12

我正在尝试从 2 个列表中删除重复项。所以我写了这个函数:

a = ["abc", "def", "ijk", "lmn", "opq", "rst", "xyz"]

b = ["ijk", "lmn", "opq", "rst", "123", "456", ]

for i in b:
    if i in a:
        print "found " + i
        b.remove(i)

print b

但是我发现匹配项之后的匹配项不会被删除。

我得到这样的结果:

found ijk
found opq
['lmn', 'rst', '123', '456']

但我希望结果是这样的:

['123', '456']

我怎样才能修复我的功能来做我想做的事?

谢谢你。

4

11 回答 11

35

Here is what's going on. Suppose you have this list:

['a', 'b', 'c', 'd']

and you are looping over every element in the list. Suppose you are currently at index position 1:

['a', 'b', 'c', 'd']
       ^
       |
   index = 1

...and you remove the element at index position 1, giving you this:

['a',      'c', 'd']
       ^
       |
    index 1

After removing the item, the other items slide to the left, giving you this:

['a', 'c', 'd']
       ^
       |
    index 1

Then when the loop runs again, the loop increments the index to 2, giving you this:

['a', 'c', 'd']
            ^ 
            |
         index = 2

See how you skipped over 'c'? The lesson is: never delete an element from a list that you are looping over.
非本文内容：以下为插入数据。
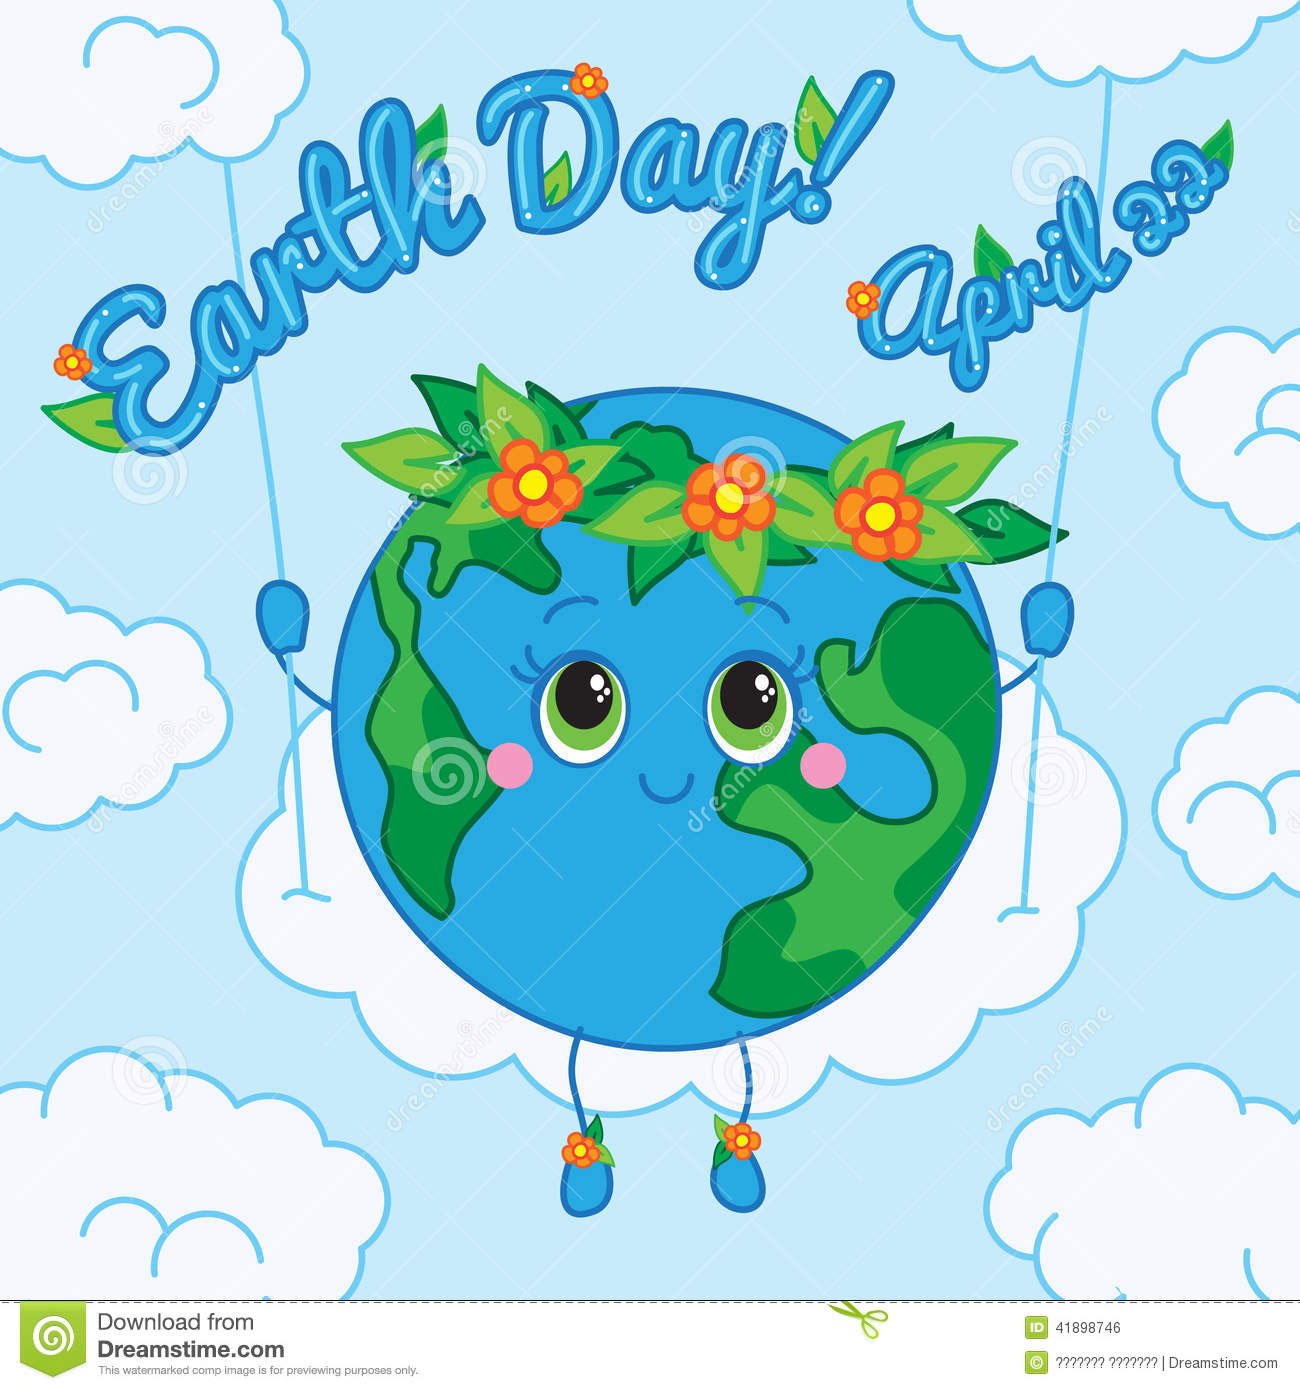 Плакат ко дню земли. День земли. Международный день земли плакат. Иллюстрации ко Дню земли. День земли рисунок.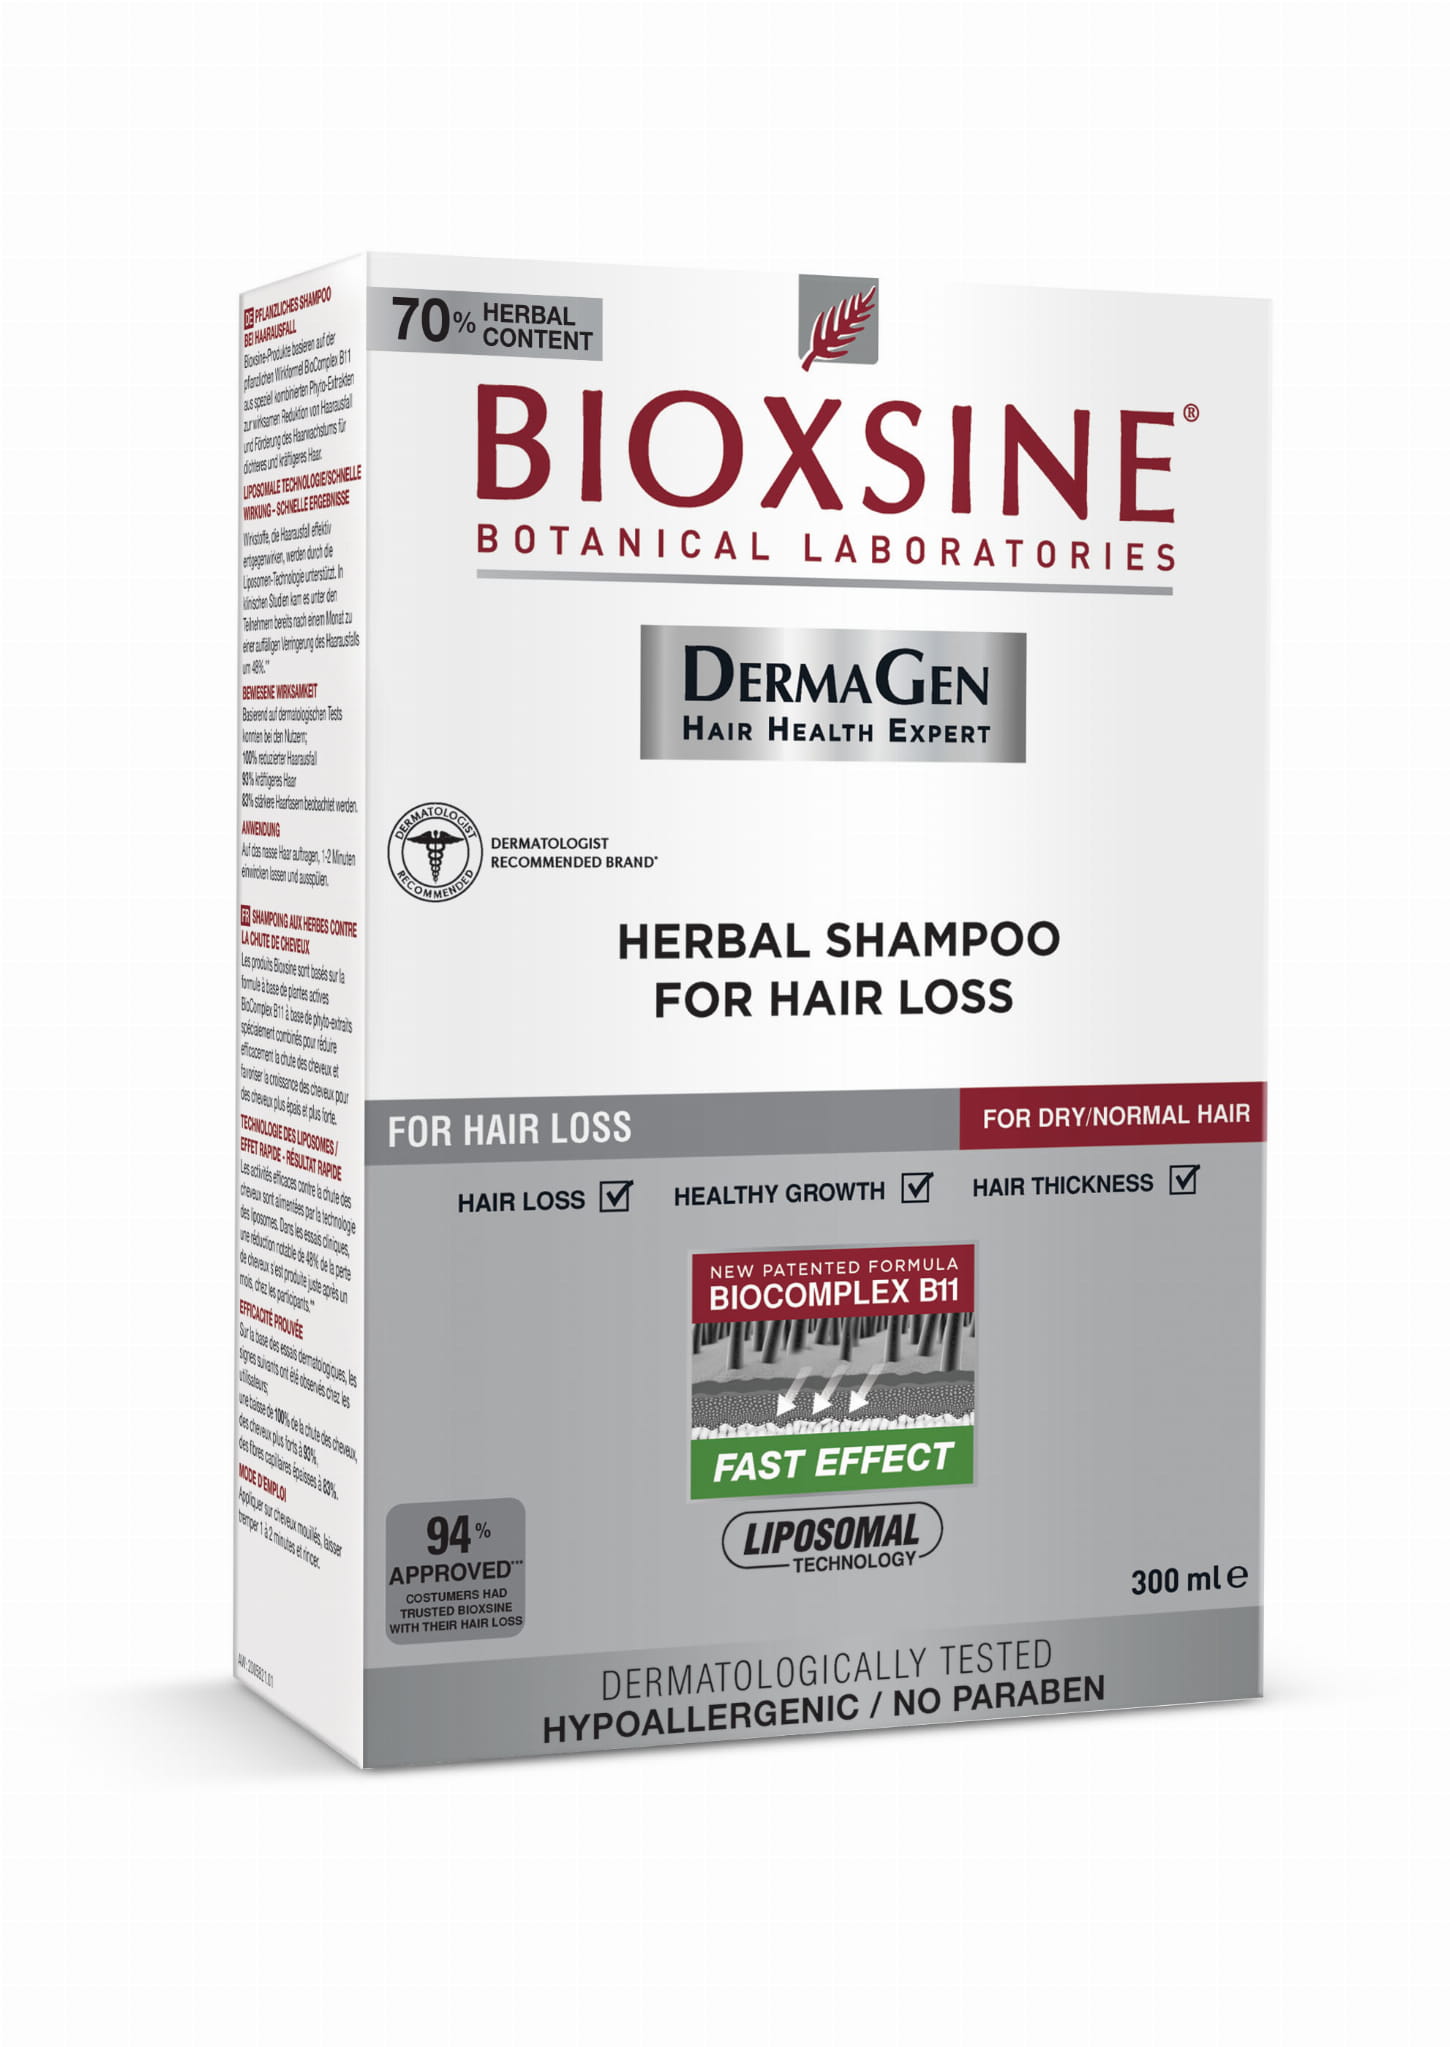 bioxsine szampon do włosów suchych

于 2013-08-12T19:28:56.293 回答
28

您的问题似乎是您正在更改您正在迭代的列表。而是迭代列表的副本。

for i in b[:]:
    if i in a:
        b.remove(i)


>>> b
['123', '456']

但是,如何使用列表推导来代替?

>>> a = ["abc", "def", "ijk", "lmn", "opq", "rst", "xyz"]
>>> b = ["ijk", "lmn", "opq", "rst", "123", "456", ]
>>> [elem for elem in b if elem not in a ]
['123', '456']
于 2013-08-12T19:20:03.940 回答
25

关于什么

b= set(b) - set(a)

如果您需要可能的重复在b结果和/或要保留的顺序中也出现重复,那么

b= [ x for x in b if not x in a ] 

会做。

于 2013-08-12T19:24:48.023 回答
4

您要求删除两个列表重复项,这是我的解决方案:

from collections import OrderedDict
a = ["abc", "def", "ijk", "lmn", "opq", "rst", "xyz"]
b = ["ijk", "lmn", "opq", "rst", "123", "456", ]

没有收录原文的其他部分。